This year’s QS World University Rankings by Subject underline the status of Cambridge, Massachusetts as the nerve center of global academic research. Yet they also point to world-leading departments at a surprisingly diverse range of institutions, extending far beyond the big names that tend to dominate overall university rankings.
Home to Harvard and MIT, Cambridge was originally named in honor of the UK’s University of Cambridge, but this year’s results suggest that it has long-since overtaken its namesake when it comes to hosting world-class academic departments. Between them, Harvard and MIT account for 20 of the 30 number one spots. Harvard maintains a slender lead over its neighbor, with 11 top spots to MIT’s nine.
Harvard’s dominance is particularly pronounced in the life sciences, in which it tops four of the five subjects: medicine, psychology, pharmacy, and biological sciences. Harvard is also the pre-eminent institution in the field of social sciences and management, ranking first in five of the eight subjects: sociology, politics, law, economics and accounting.
In the natural sciences, Harvard tops the rankings for mathematics and earth and marine sciences. Perhaps surprisingly, the only discipline area in which it fails to take a single number one ranking is the arts and humanities, though it does make the top five in all but one of the six disciplines.
While Harvard rules the life and social sciences, local rival MIT is the undisputed global powerhouse in engineering and technology, recording a clean sweep of the top spots in four areas of engineering (civil, mechanical, chemical and electrical) plus computer sciences.
Other subjects in which MIT emerges as the world leader include statistics, three of the core science disciplines (physics, materials science and chemistry), plus linguistics – a discipline in which MIT has led the way, most famously through the work of Noam Chomsky, one of the most frequently cited humanities scholars of all time.
The dominance of the Cambridge, Massachusetts institutions is almost total in the STEM disciplines, in which between them they take a remarkable 14 of the 16 top spots. Yet elsewhere the field is surprisingly diverse. Indeed, the University of Oxford is the only other institution to top the table in more than one discipline, ranking number one globally in English, geography and modern languages, all areas of traditional strength.
Big names under threat?
Since their introduction in 2011, QS World University Rankings by Subject have been honed to discriminate more accurately between strength in a particular discipline area and the inflating effect of overall institutional prestige. This is reflected in the disciplines that fall outside of the sphere of Harvard-MIT dominance, in which eight institutions feature at the top of ten different tables.
Of these eight institutions, three are placed in the top ten in the overall QS World University Rankings. Oxford takes three top spots, Cambridge is number one in history, and Stanford University tops the table for statistics. Institutions from outside of the global top 20 take the number one spots in all five of the remaining tables.
Berkeley maintains its top spot for environmental sciences, while its fellow University of California branch UC Davis ranks number one in agriculture. Another of the big US public institutions, University of Wisconsin-Madison leads the way on communications and media studies.
New York University’s reputation as a world leader in philosophy is well established within the field, and it tops this year’s table ahead of Oxford, the University of Pittsburgh and Rutgers.
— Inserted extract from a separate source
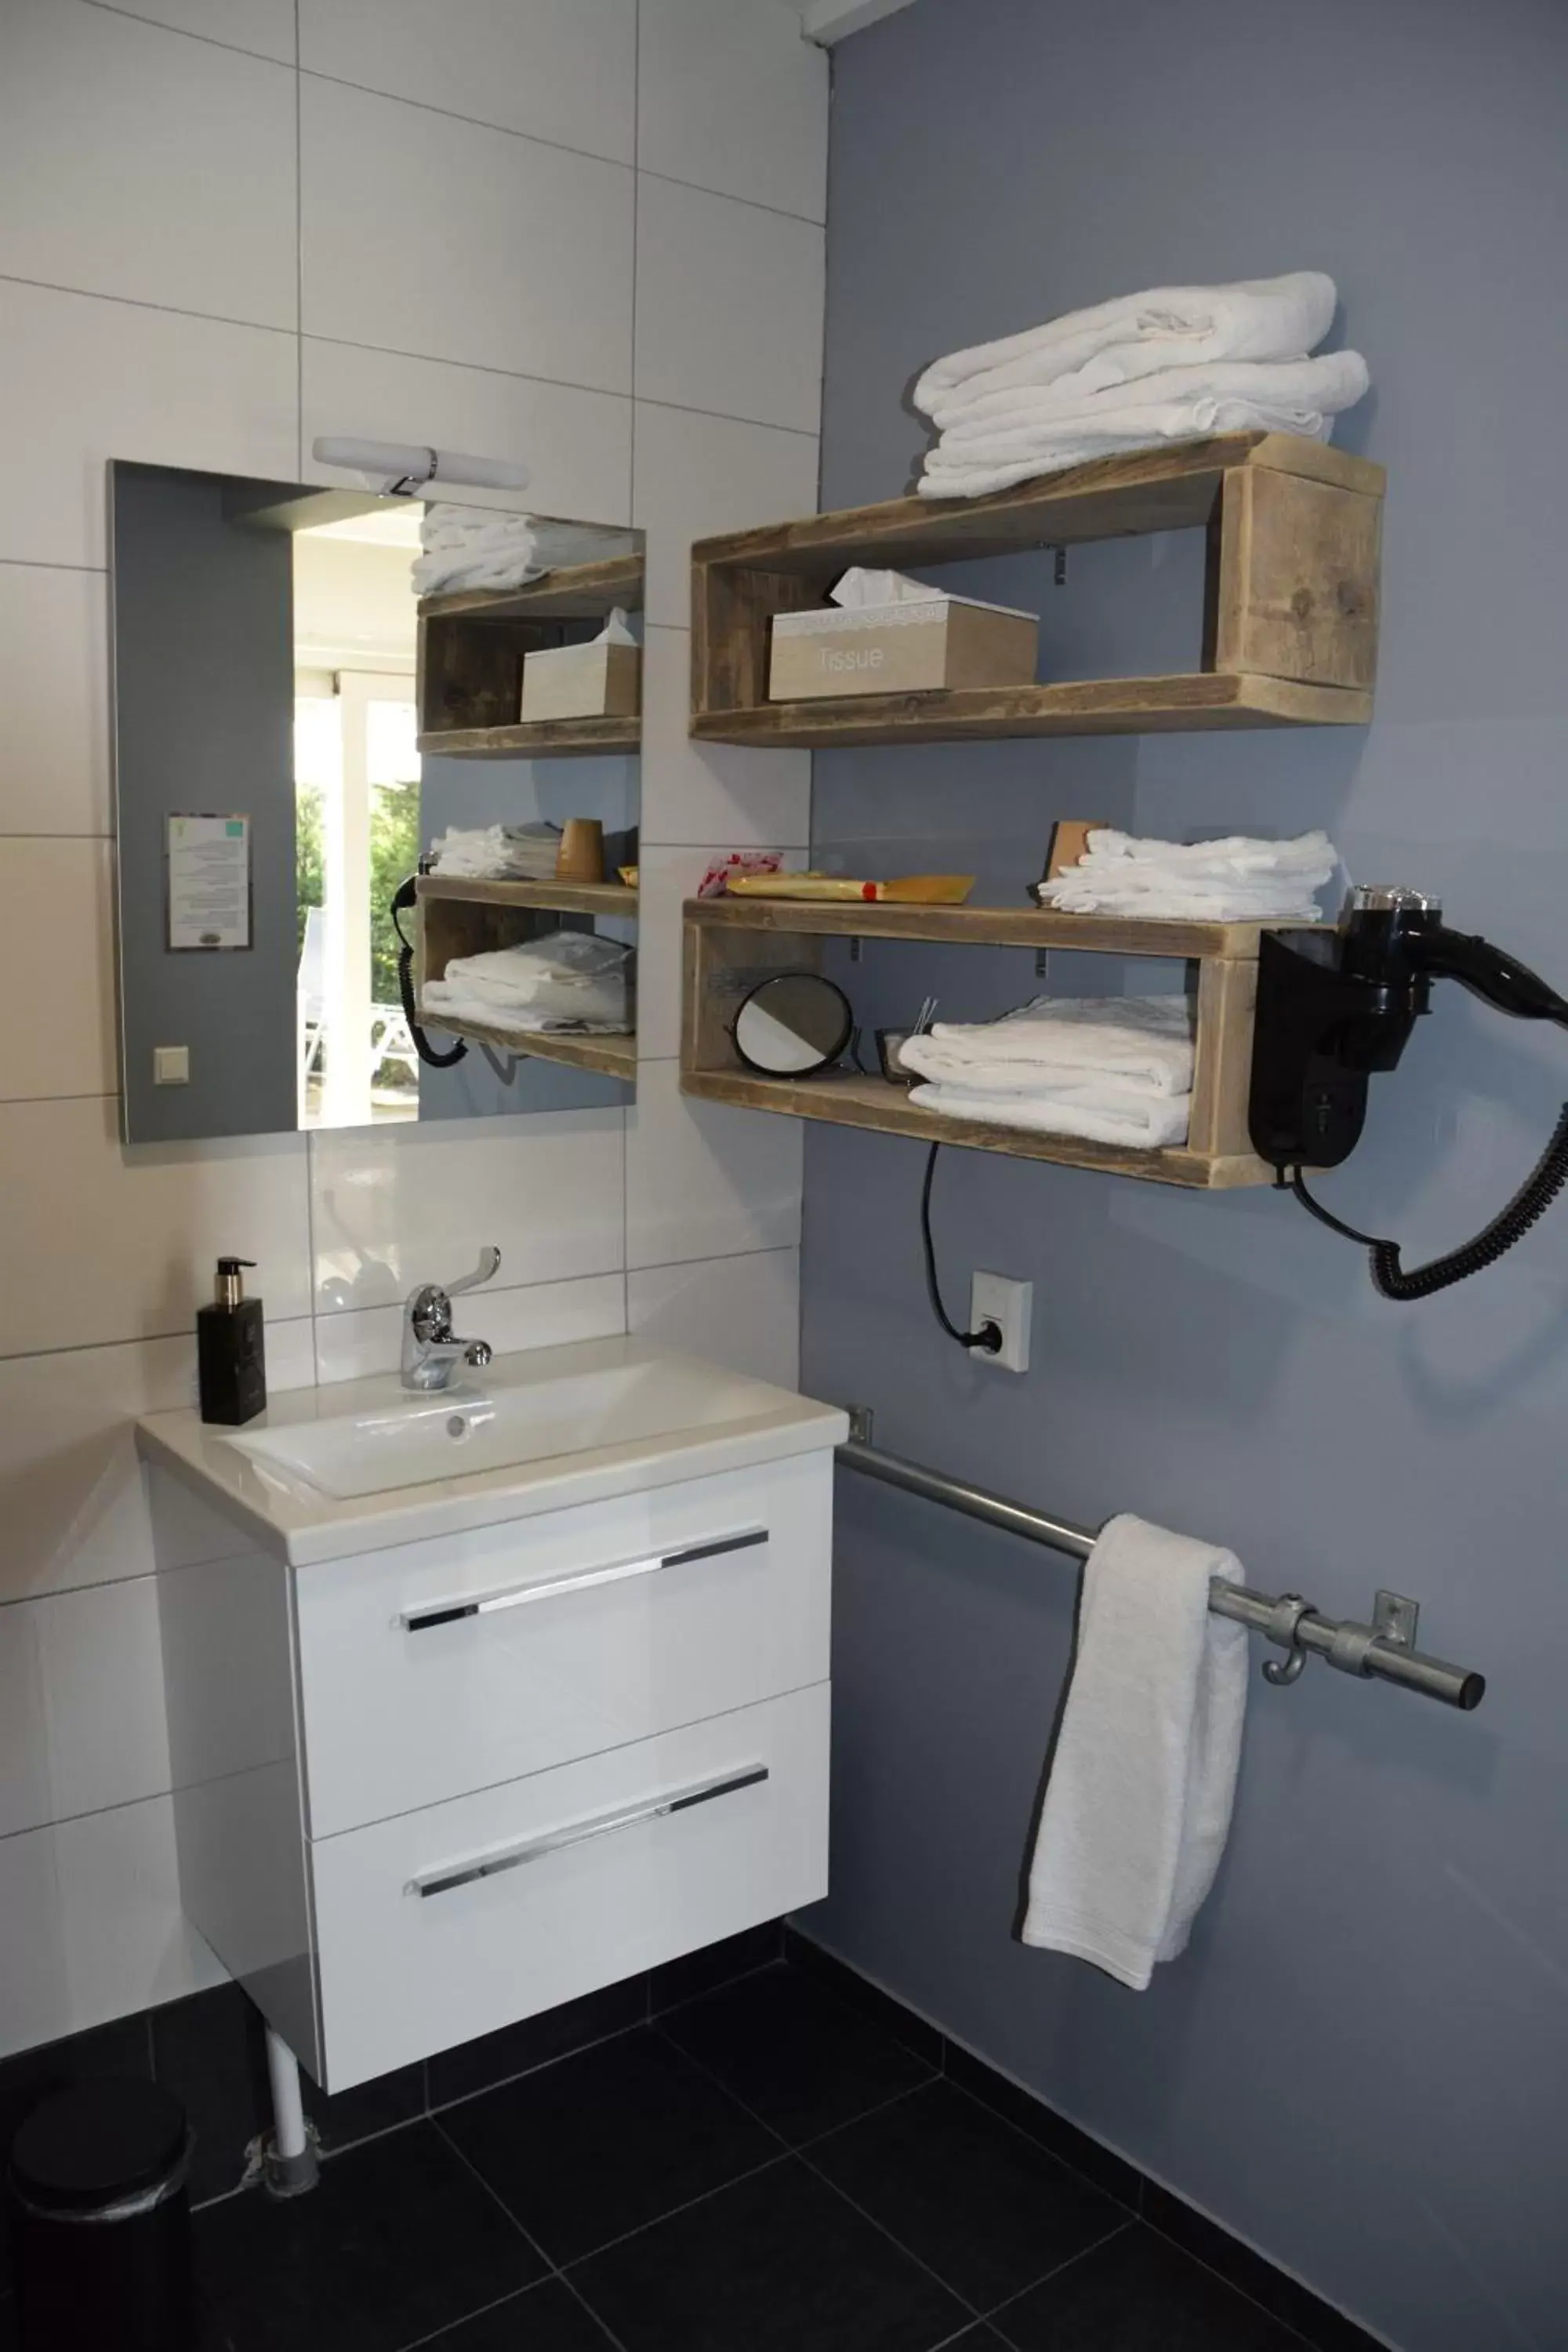 Shower, Bathroom in Bed & Breakfast "Aan de Bagijnstraat".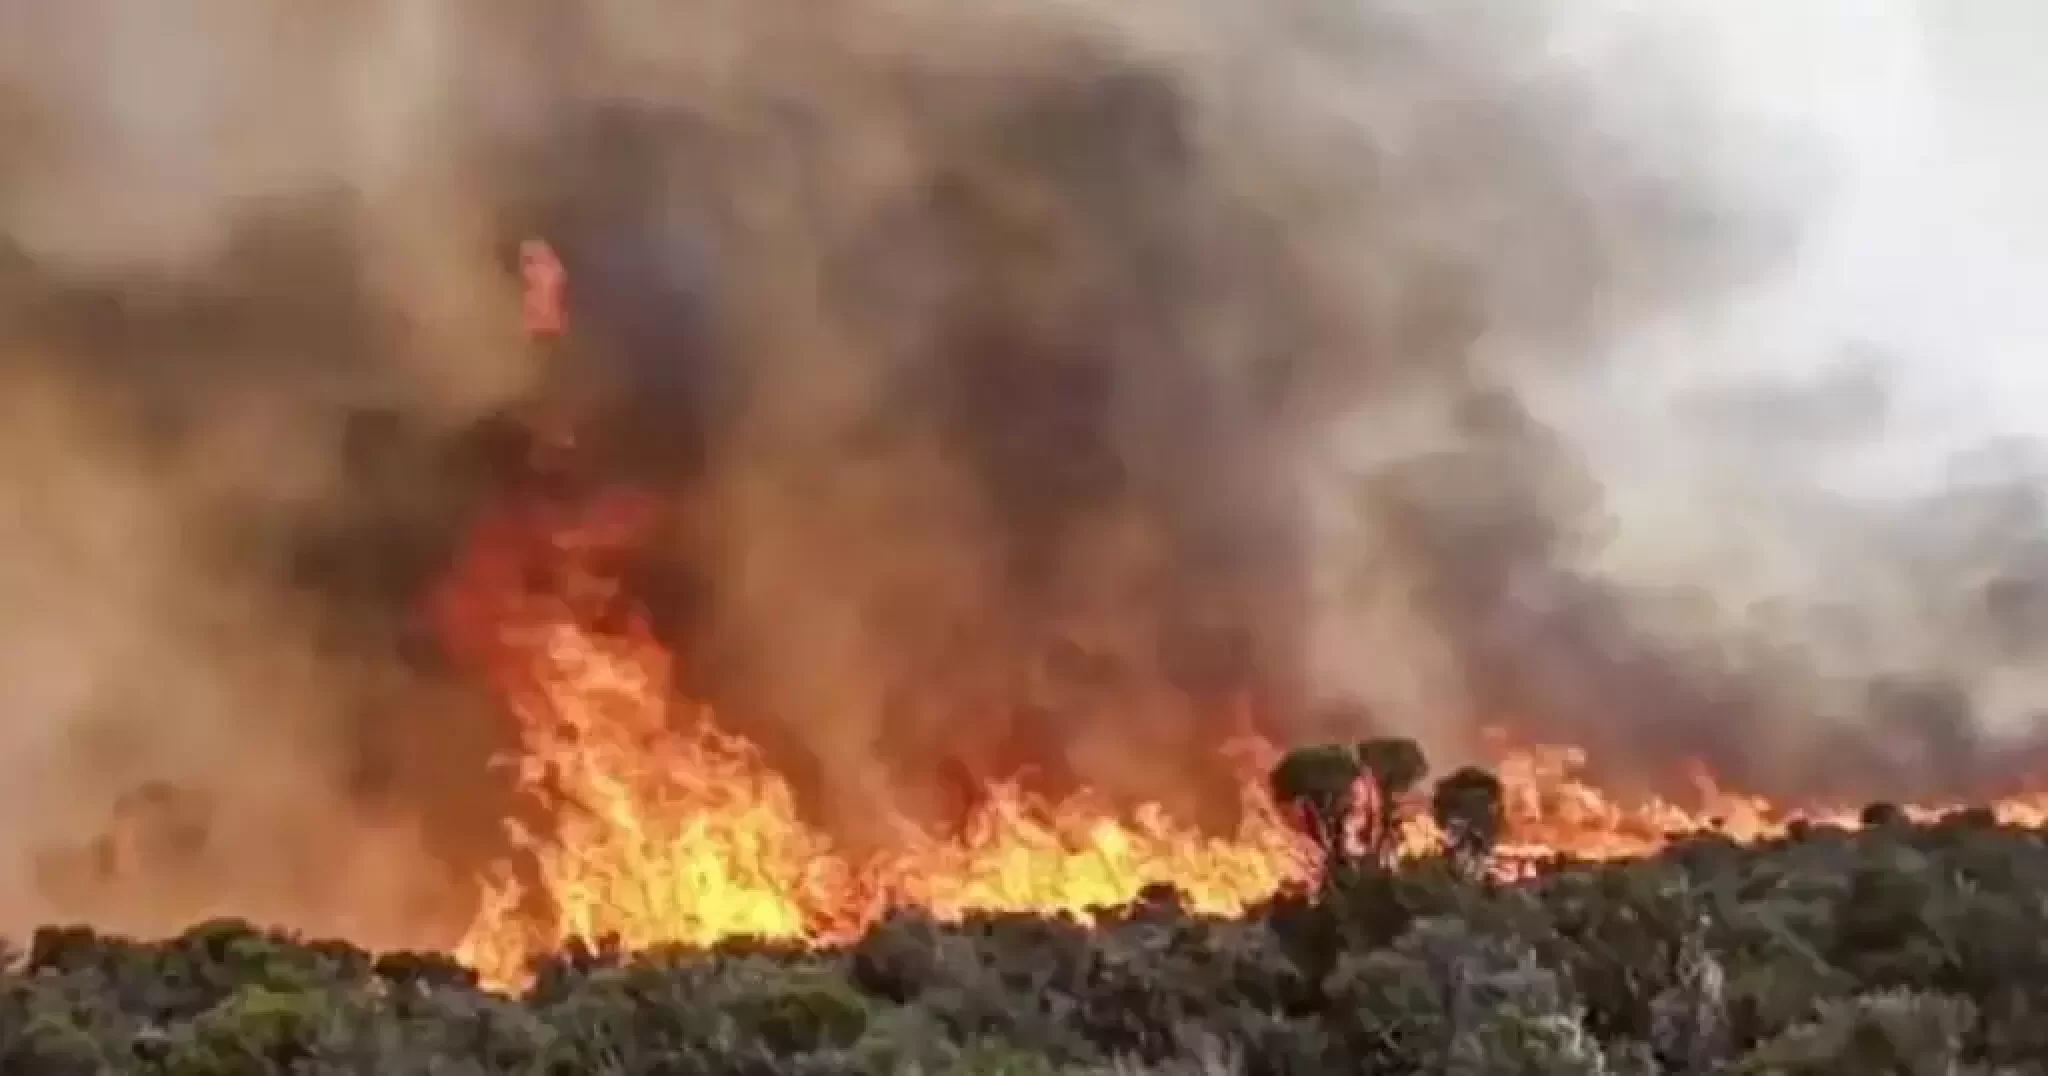 Tanzanian firefighters battle blaze on Mount Kilimanjaro

And the UK’s Institute of Education takes its place at the top of the ranking for education, ahead of Australia’s University of Melbourne.
The rankings also point to numerous world-class faculties in Asia-Pacific and Continental Europe, regions that have traditionally been eclipsed by the US and UK in overall rankings.
The most successful universities outside of the US and UK in terms of number top-ten rankings are:
– National University of Singapore (8)
– ETH Zurich (4)
– University of Melbourne (4)
– University of Tokyo (4)
– Nanyang Technological University (3)
– Kyoto University (2)
– Wageningen University (2)
Other universities to make the global top ten in a single discipline include China’s Tsinghua University (materials science), Hong Kong University (civil engineering) and Sweden’s Karolinska Institute (pharamacy).
A further five Australian institutions make the top ten in one subject (ANU, Monash, University of Sydney, University of Queensland and University of New South Wales), as do two from the Netherlands (University of Amsterdam and Delft University of Technology).
Latin America’s top-ranking institution is Mexico’s UNAM (25th in history), while Africa’s top institution, the University of Cape Town, makes the top 50 in education, geography, law and English language and literature.
This geographical diversity shows that world-leading work is taking place at an individual discipline level at a far greater range of institutions than overall rankings would have us believe.